Александр Иванович чувствовал трепетание в сердце; и – ужас; при словах «как вам не стыдно» он слышал, как яркий румянец заливал его щеки; явная угроза в словах страшного собеседника притаилась губительно; Александр Иванович невольно заерзал на стуле, припоминая какую-то им не совершенную вовсе вину.
Странно: он не осмелился переспрашивать, что значит скрытая в тоне особы угроза и что значит по его адресу «стыдно». «Стыдно» это он так-таки проглотил.
– «Что же мне передать Аблеухову относительно провокаторской этой записки?»
Тут лобные кости приблизились к его лбу:
– «Какой такой провокаторской? Не провокаторской вовсе… Должен вас охладить. Письмо к Аблеухову написано мною самим».
Эта тирада произнеслась с достоинством, превозмогшим и гнев, и упрек, и обиду; с достоинством, превозмогшим себя и теперь снизошедшим до… уничижающей кротости.
– «Как? Письмо написано вами?»
– «И шло – через вас: помните?… Или забыли?»

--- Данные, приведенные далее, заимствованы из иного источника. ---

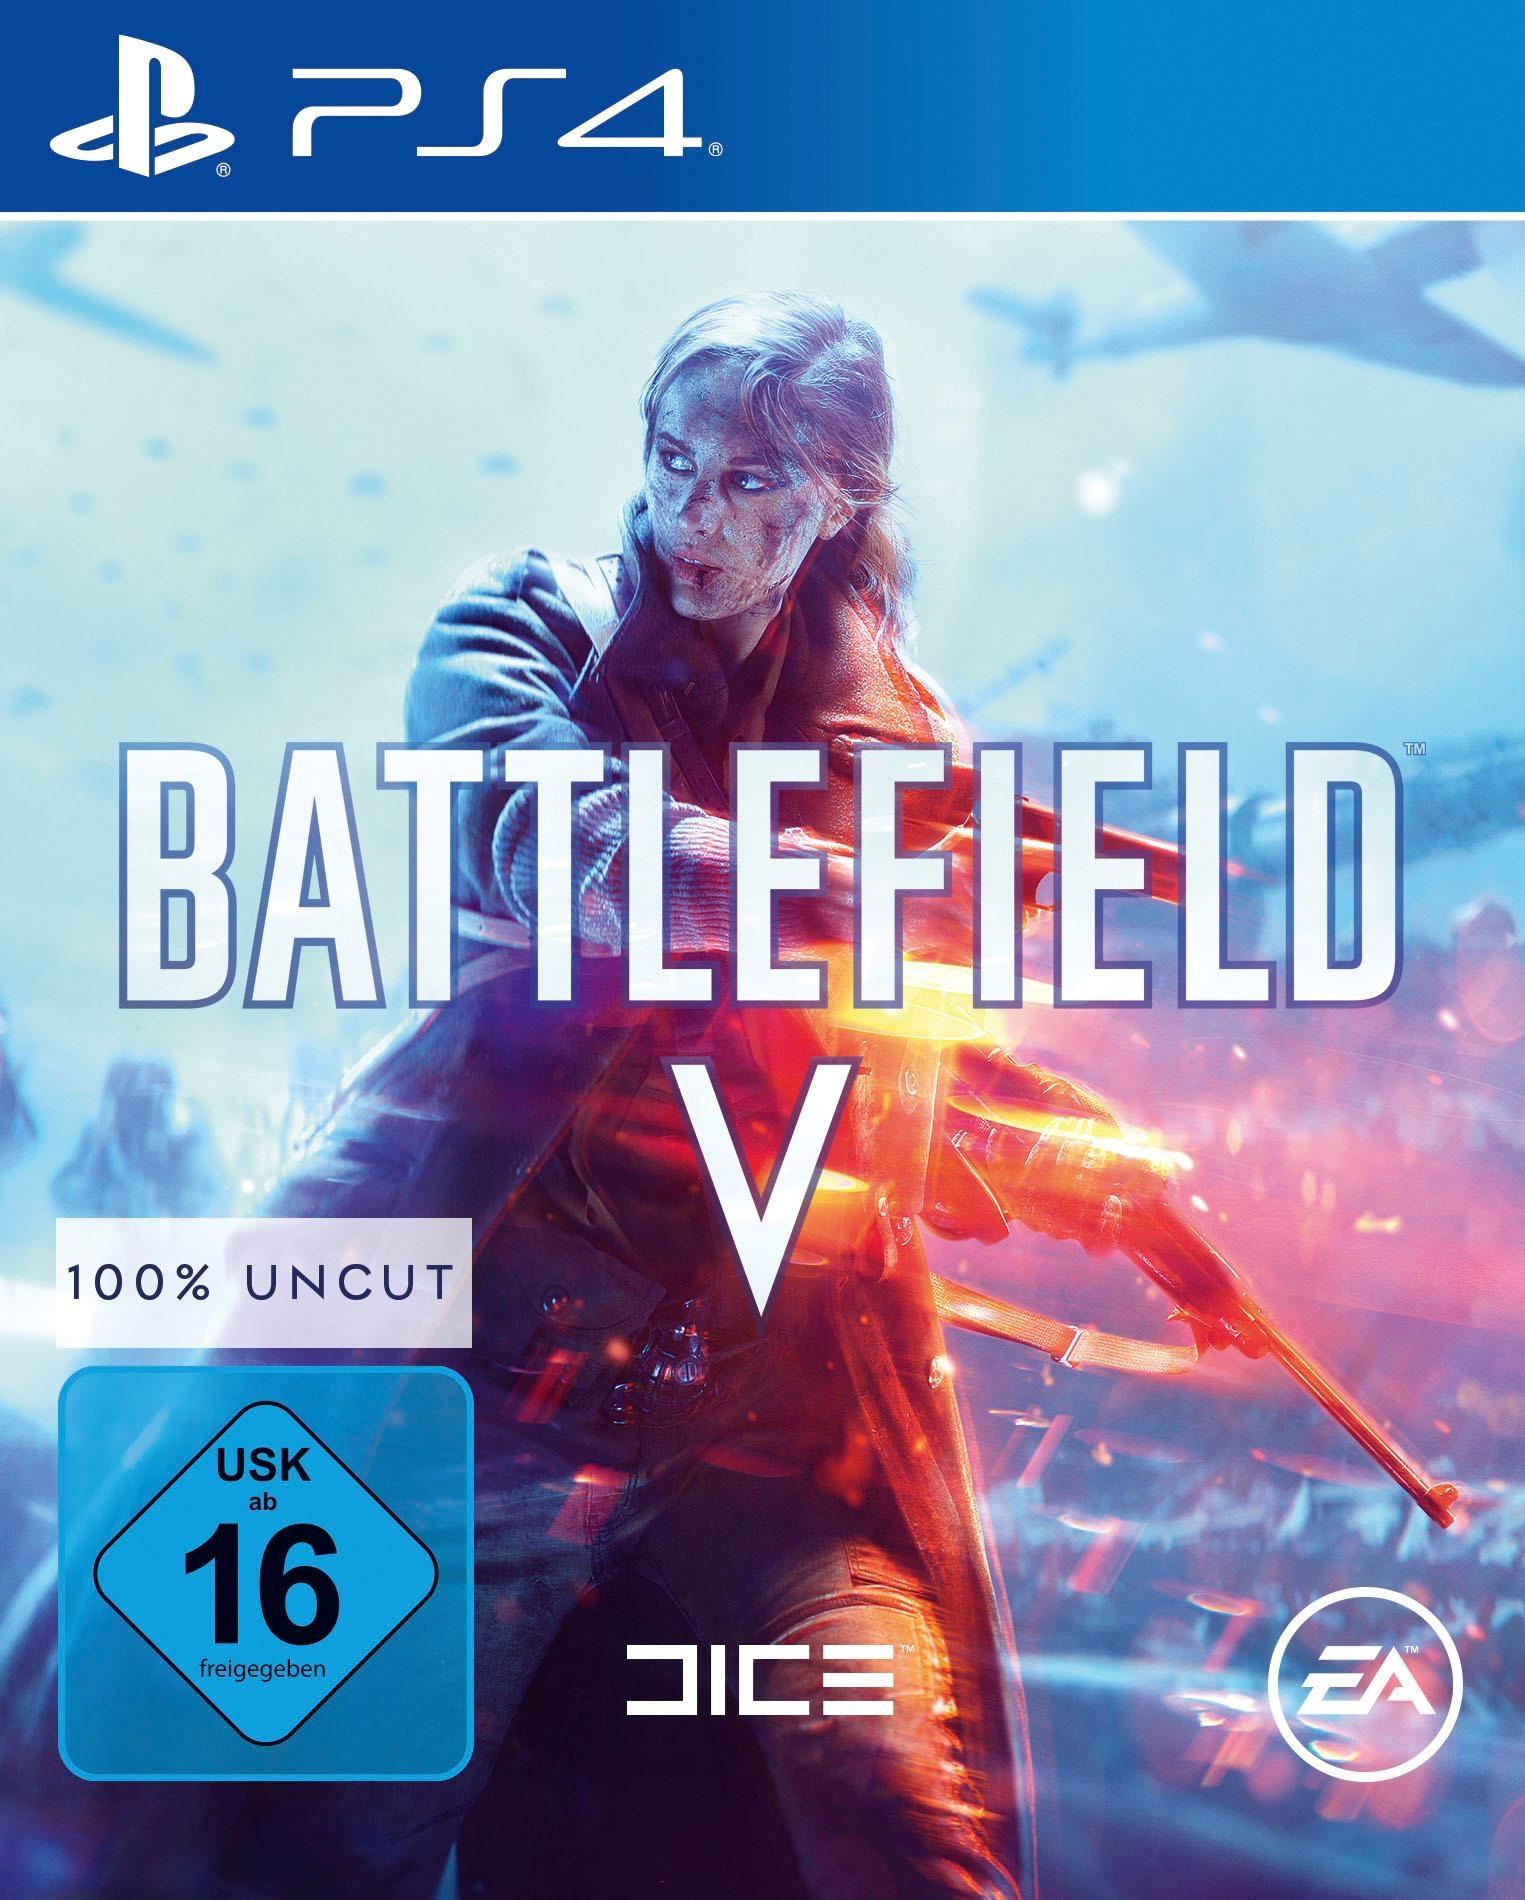 Image of Battlefield V PlayStation 4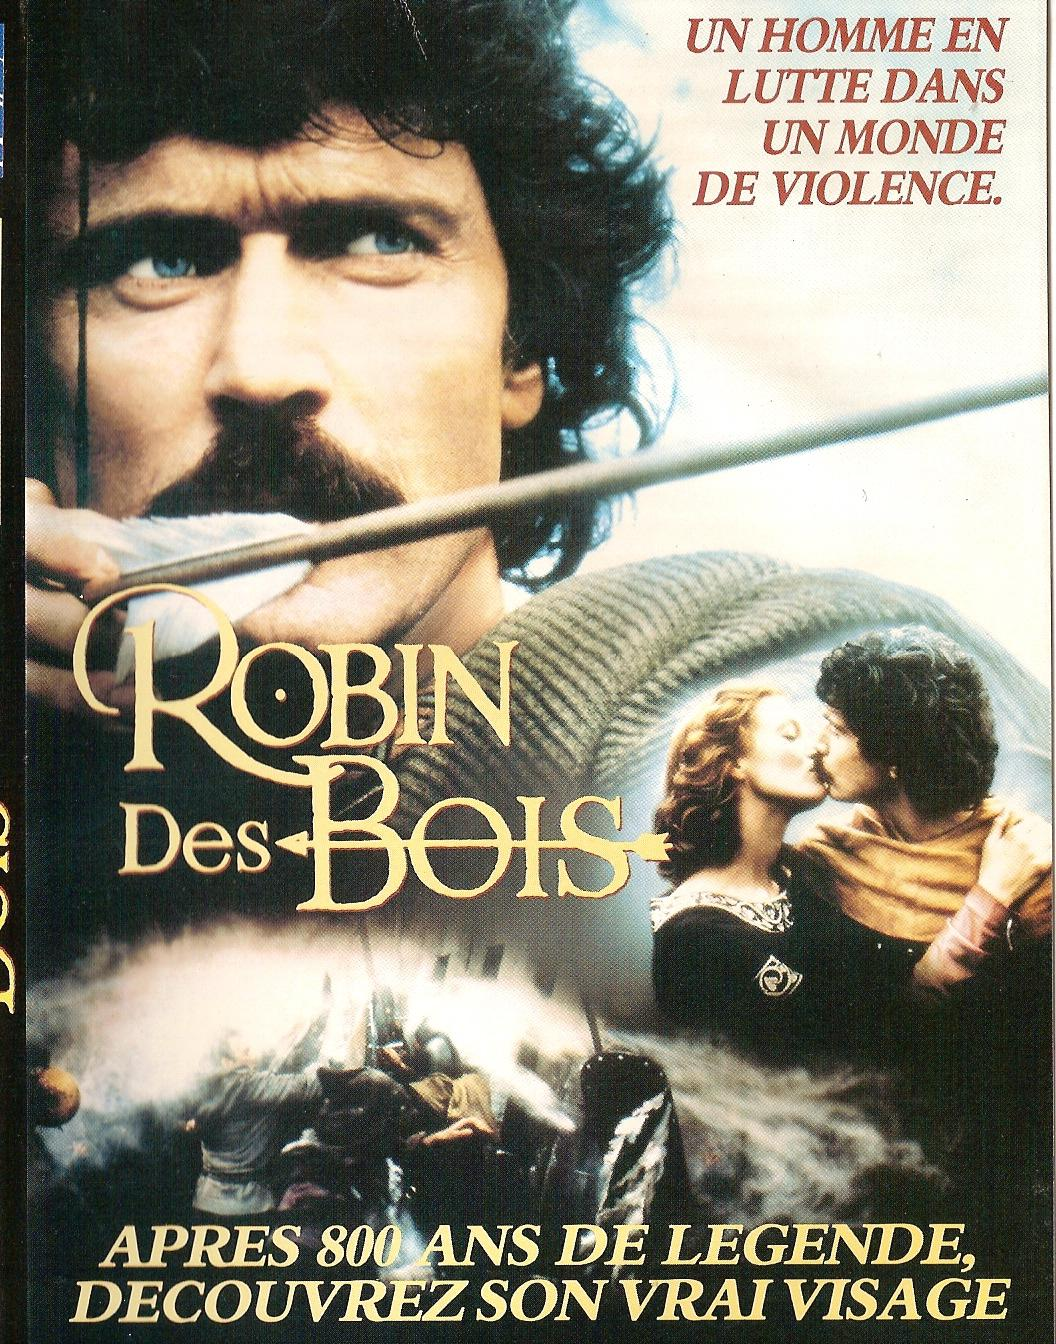 Robin des Bois [film 1991] ~ Robin Des Bois Le Film

Слово «забыли» особа произнесла с таким видом, как будто бы Александр Иванович все это прекрасно сам знал, но для чего-то прикидывался незнающим; вообще особа явно ему давала понять, что теперь она собирается с его притворством играть, как с мышкою кошка…
– «Помните: это письмо передал я вам, там – в трактирчике…»
– «Но я его передал, уверяю вас, не Аблеухову, а Варваре Евграфовне…»
– «Полноте, Александр Иванович, полноте, батенька: ну, чего нам, своим людям, хитрить: письмо нашло адресата… А остальное – увертки…»
– «И вы – автор письма?»
Сердце Александра Ивановича так трепетало, так билось, и казалось, что – выбьется; точно бык, замычало; и – побежало вперед.
А особа значительно стукнула по столу пальцем, сменяя свой вид равнодушия на гранитную твердость, особа вскричала:
– «Чт
– «Конечно…»
– «Извините меня, но я сказал бы, что изумление ваше граничит уже с откровенным притворством…»
Из-за вазы, оттуда, выставился черный профиль Шишнарфиева; Зоя Захаровна профилю зашептала, а профиль кивал головой; и потом уставился на Александра Ивановича. Но Александр Иванович ничего не видал. Он только воскликнул, кидаясь к особе:
– «Или я сошел с ума, или – вы!…»
Особа ему подмигнула:
– «Ну те-ка?»
Вид же ее говорил:
– «Э, э, э, батенька: давеча я видел, как ты посматривал… Думаешь, что со мной эдак можно?…»
Нечто произошло: бодро, как-то весело даже, как-то даже с придурковатым задором особа прищелкнула языком, будто хотела воскликнуть:
– «Батенька, да подлость-то, право, с тобою – только с тобой: не со мной…»
Но она сказала лишь:
– «А?… А?…»
Потом, сделавши вид, что свой сардонический хохот она с трудом подавила, строго, внушительно, снисходительно положила особа свою тяжелую руку на плечо к Александру Ивановичу. Задумалась и прибавила:
– «Нехорошо… Очень, очень нехорошо…»
И то самое, странное, гнетущее и знакомое состояние охватило Александра Ивановича: состояние гибели пред куском темно-желтых обой, на которых – вот-вот – появится роковое. Александр Иванович тут почувствовал за собой незнаемую вину; посмотрел, и будто бы облако понависло над ним, окуривая его из того направления, где сидела особа, и выкуриваясь из особы.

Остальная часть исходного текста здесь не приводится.